When hardware lacks native support for a type, native-abi<T> may fall back to software emulation that still uses array-like layout. The guarantee holds for whatever native-abi<T> is defined to be. When hardware does not support operations natively, implementations maintain the standard layout and emulate operations. They do not change the memory representation.

4. Proposed Solution 2: Query Traits

As a fallback to mandating array-like layout, implementations could instead be required to document their layout and provide a compile-time query:

template<typename T, typename Abi>
inline constexpr bool is_simd_array_like_v = /* implementation-defined */;

This trait indicates whether basic_vec<T, Abi> has contiguous, index-ordered layout with no inter-element or trailing padding. Users could then write defensive code with static_assert, or adaptive code with fast and slow paths for different layouts. The trait takes both T and Abi because layout may depend on element type as well as the ABI.

Just as the standard provides std::endian to query byte order, this solution would provide a way to query the layout of basic_vec or basic_mask types, enabling users to determine at compile time whether the layout is array-like.

This solution preserves maximum implementation freedom but does not guarantee portability.
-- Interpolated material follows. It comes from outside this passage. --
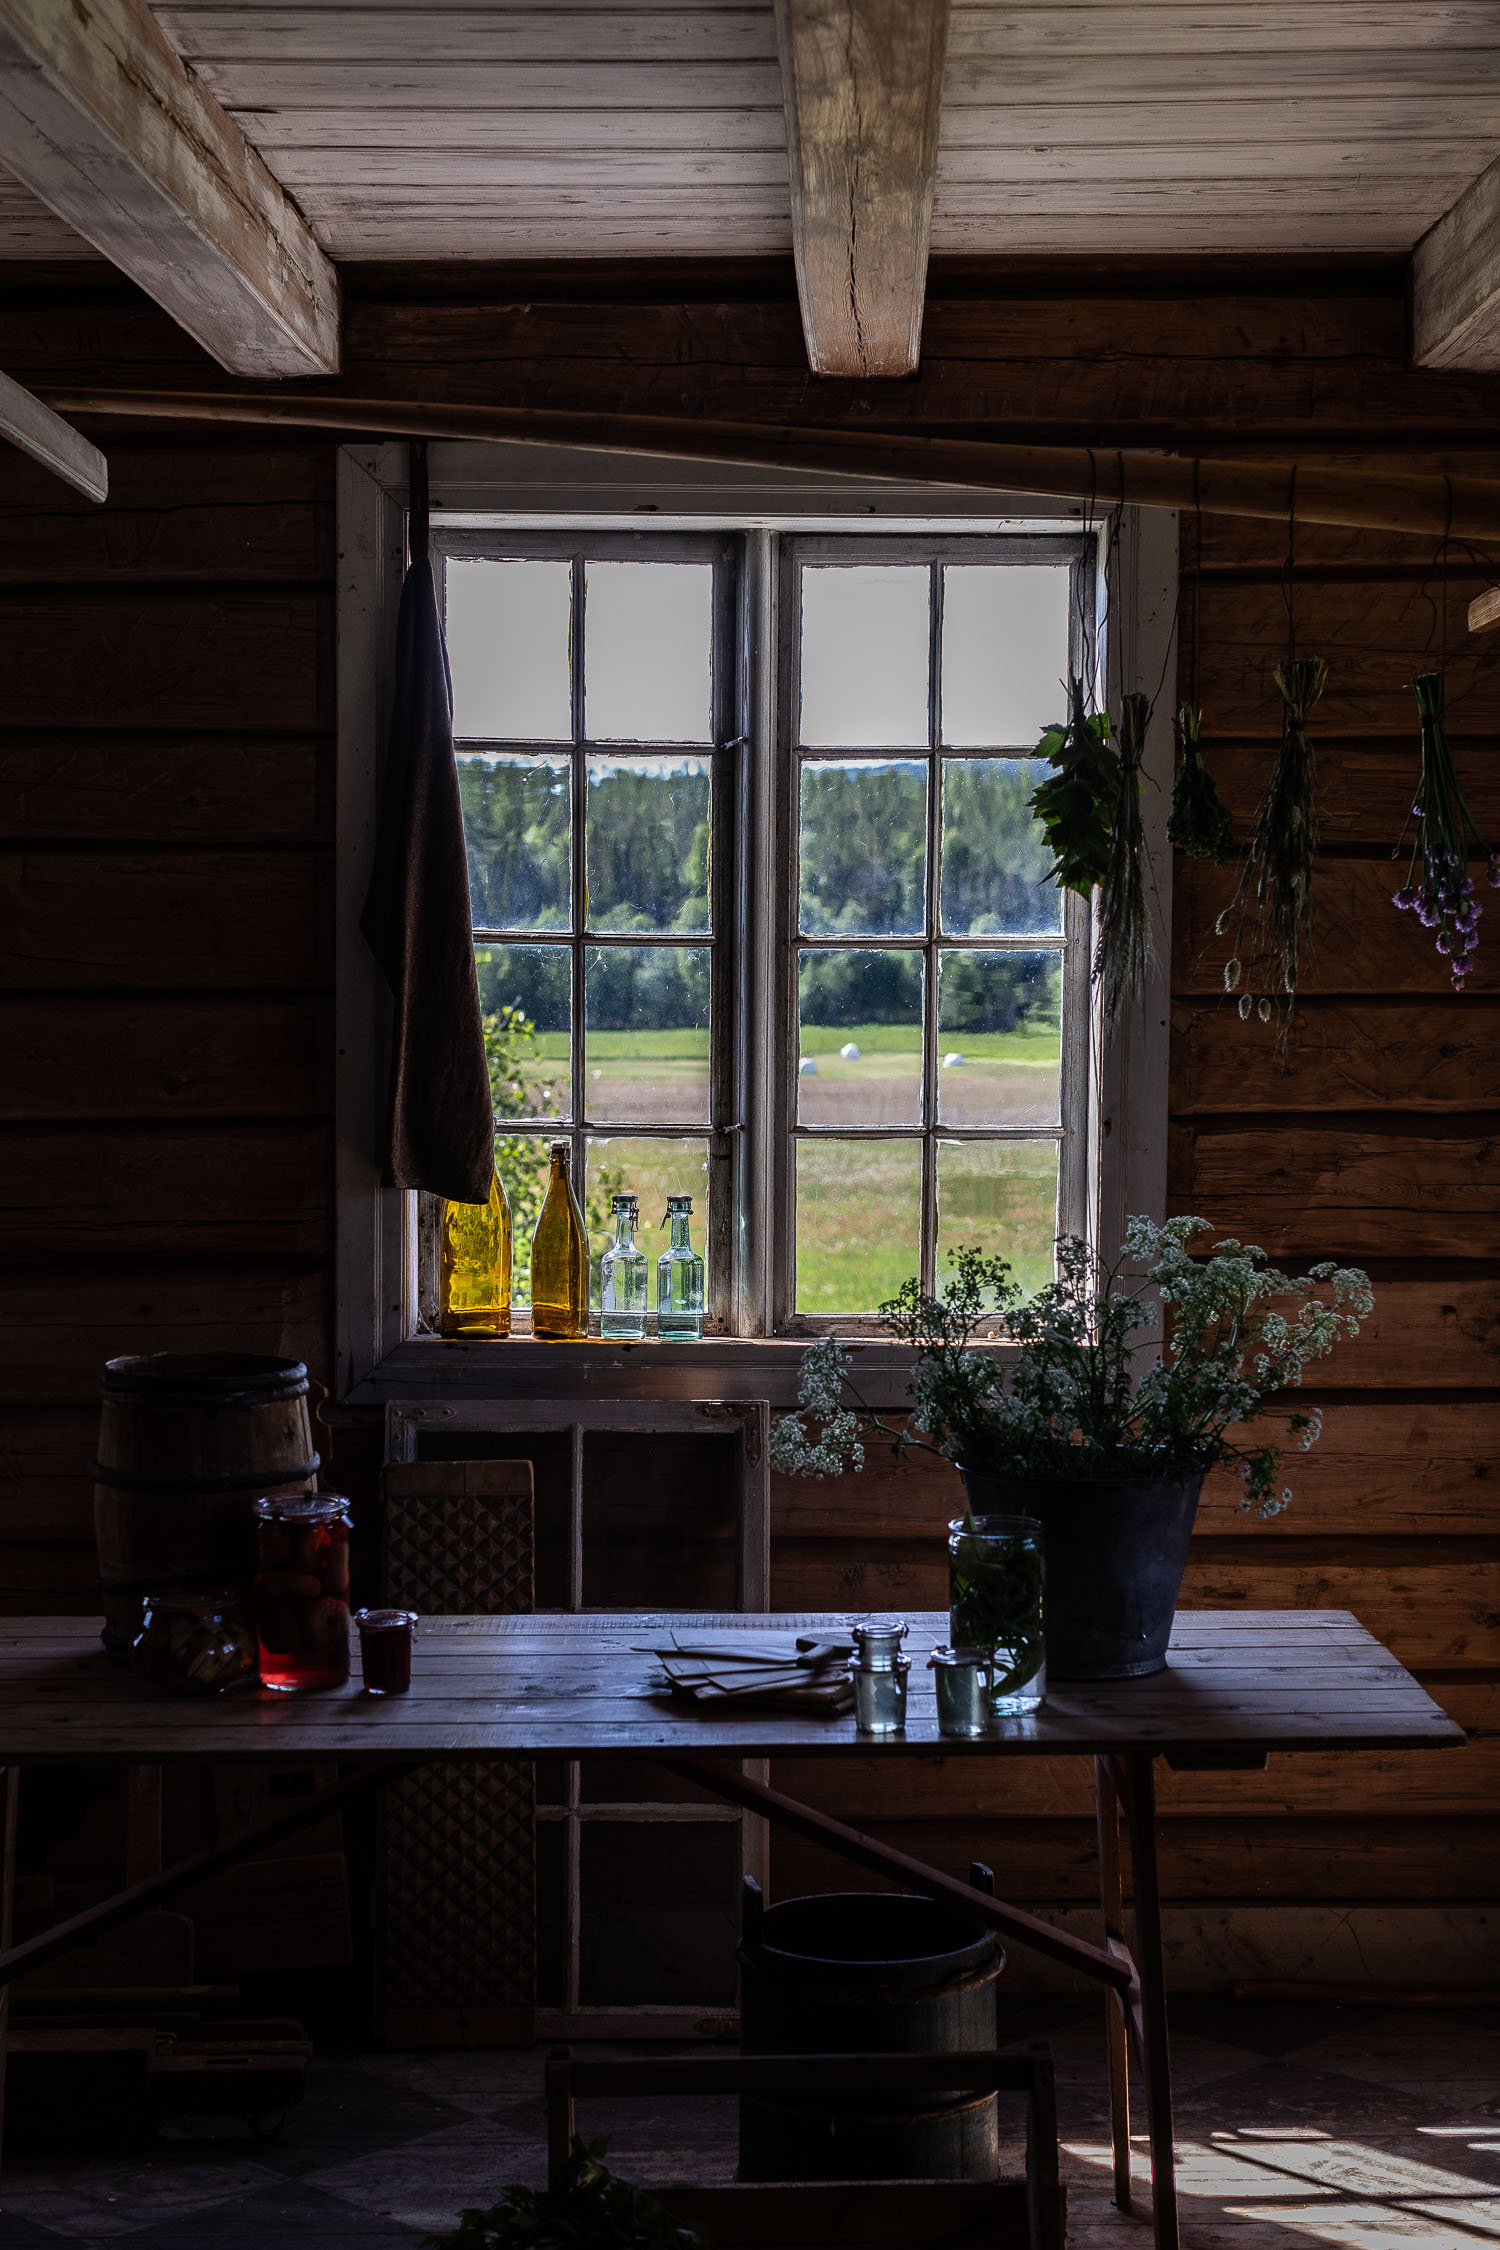 Norway-room-detail-window-2323.jpg

Users must write more complex code, and generic libraries need conditional compilation with potential performance cliffs.

5. Complementary Use of Both Solutions

Solutions 1 and 2 are not mutually exclusive. One outcome may be to adopt both:

Under this combined approach, is_simd_array_like_v<T, native-abi<T>> would be unconditionally true (as a consequence of the mandate), while for other ABIs it would be implementation-defined but discoverable. This gives users the best of both worlds: zero-overhead portable code for native-width vectors, and a principled way to handle other ABIs without sacrificing generality.

6. Comparison

Aspect Solution 1 (Mandate for native-abi) Solution 2 (Query) Combined
Scope native-abi only All ABIs via query native-abi guaranteed; others queryable
Portability Guaranteed for native-abi Conditional Guaranteed for native-abi; conditional for others
Trailing Padding None (for native-abi) Implementation-defined None for native-abi; implementation-defined for others
User Code Simple for native-abi Complex (conditionals) Simple for native-abi; conditionals for others
Implementation Freedom Constrained for native-abi; full freedom for other ABIs Maximum Constrained for native-abi; documented for others
Zero-Overhead for Portable Code Yes (for native-abi) No Yes (for native-abi)

7. Our Recommendation

We recommend adopting both solutions in combination: mandating array-like layout for native-abi (Solution 1) and providing query traits for all ABIs (Solution 2).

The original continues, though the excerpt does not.